Checking for leaky bulkheads.

-- Last Updated: Dec-29-06 2:17 AM EST --

The boat is a fiberglass Tempest 170.

Today after some rolling I noticed that I had about half the amount of water in the compartments as usual (quarter cup vs half cup.) This is the only time I haven’t done any wet exits or self-rescue work, so now I’m wondering if my bulkheads are leaking. Could account for less water in the forward compartment and day compartment.

I don’t feel paranoid about it. I’m just enjoying getting to know my boat better.

What’s a good way to check all the way around for leaky bulkheads? So far I’m thinking jut put one end of the boat on a saw horse, supported at about where the bulkhead is, and put water into the forward hatch until there is about an inch of water above the bulkhead line on the high end. Look for leaks on the cockpit side. Then do the same with the day hatch.

My only concern would be too much stress on the boat from the weight of the water inside. I’m thinking it should be ok though if I limit to one inch above the bulkhead line on the high end.

I prefer not to use part of a pool session to check because I hate to waste perfectly good practice time.

Thanks for any ideas.

Paul S.

(This is my boat. There are many like it, but this one is mine. Leaks or not.)

I wonder
if you could somehow set the boat on end ,like fastening to a tree or something then you could put a fairly small amount of water into the cockpit,stick your head inside the hatch with a light and watch to see what happens.

Another way is to fill the hatch with water,roll the boat around and try to see where it comes out.

I haven’t had much trouble with my kayaks leaking but I was an auto trim tech for years and part of my job was water leaks. Usually the hardest part was finding the leak and diagnosing it properly as water does seem to defy logic sometimes. The easy part “usually” is fixing it.

Fortunately all kayaks are pretty simple pieces of equipment so you will be successful in time.

Good luck.


Putting water in the hatch and rolling
the boat around carefully on a saw horse sounds like a good idea.

Paul S.

I just realized my bulkheads don’t leak.
I have a double tunnel dry top and neo skirt. When I side scull it burps the DT into the cockpit and the deck of the skirt bulges up. Pretty funny.

Just before going to bed, I had read in the archives about bulging hatch covers indicating sealed bulkheads. Then I woke up and it immediately popped into my mind that my spray skirt bulges. Diagnostic complete!

Paul S.


– Last Updated: Jan-04-07 12:16 AM EST –

Tempest owners may especially wish to read on.

Filling the forward hatch and the day hatch half full of water and carefully rolling the boat on saw horses, as Olde_Inuit and DennisH (offline) suggested;

The forward hatch leaks just a little, looks like in one spot.

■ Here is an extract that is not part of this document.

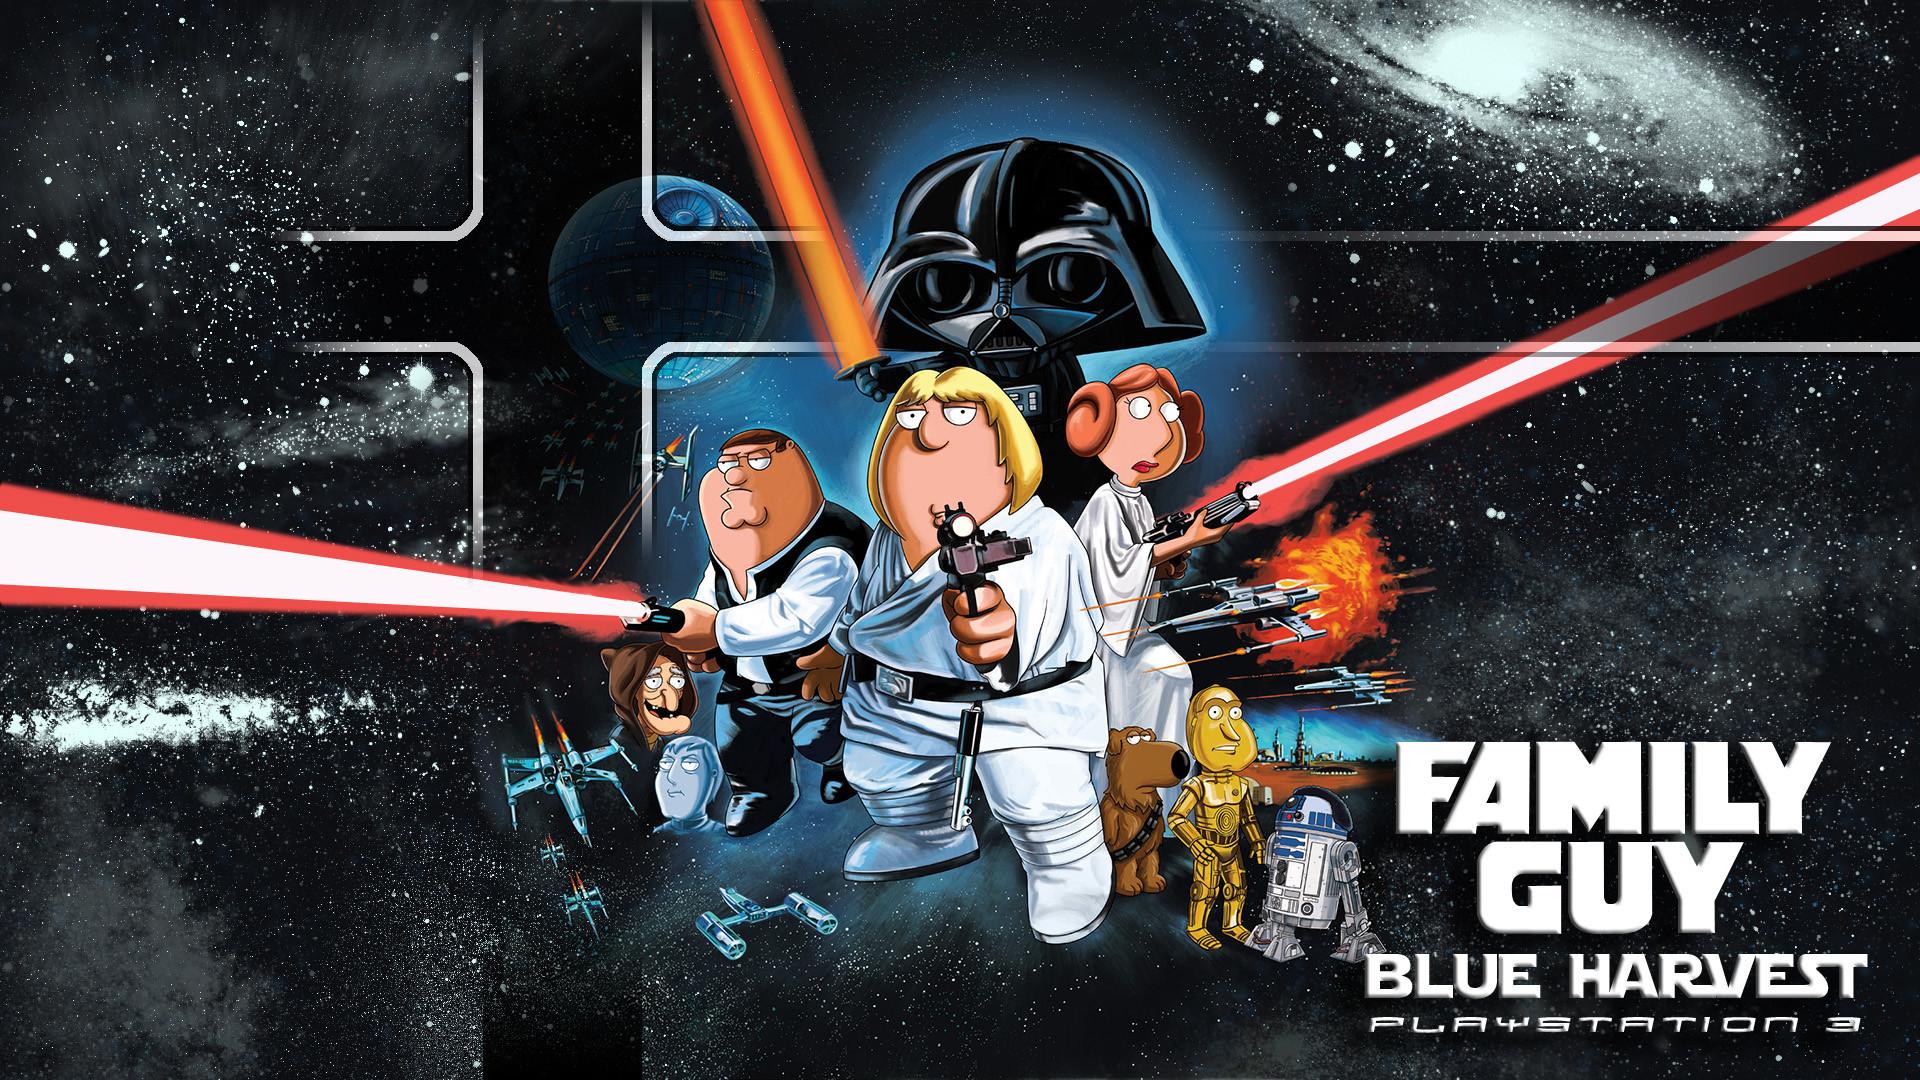 Family Guy trilogia Star Wars en espa̱ol calidad DVD РTaringa!

The day hatch leaks a good trickle in both directions. There is no caulking where the skeg tube runs through the bulkheads.

I'll ask the kayak shop too, but the bulk heads appear to have clear silicon caulking around them now.

I also got a recommendation to use 3M 5200.

Thoughts on best caulking to use? I'm inclined to go the easy route and just use some 100% silicon clear sealant, like GE Kitchen and Bath, unless I wanted to remove all the caulking and re-do, in which case I might use the 5200. Thoughts?

The spray skirt bulge just discharges slow through the leak points I guess. I had the forward hatch and day hatch bulge yesterday too. I'm no longer going to trust hatch cover or spray skirt bulging as a test for leaks.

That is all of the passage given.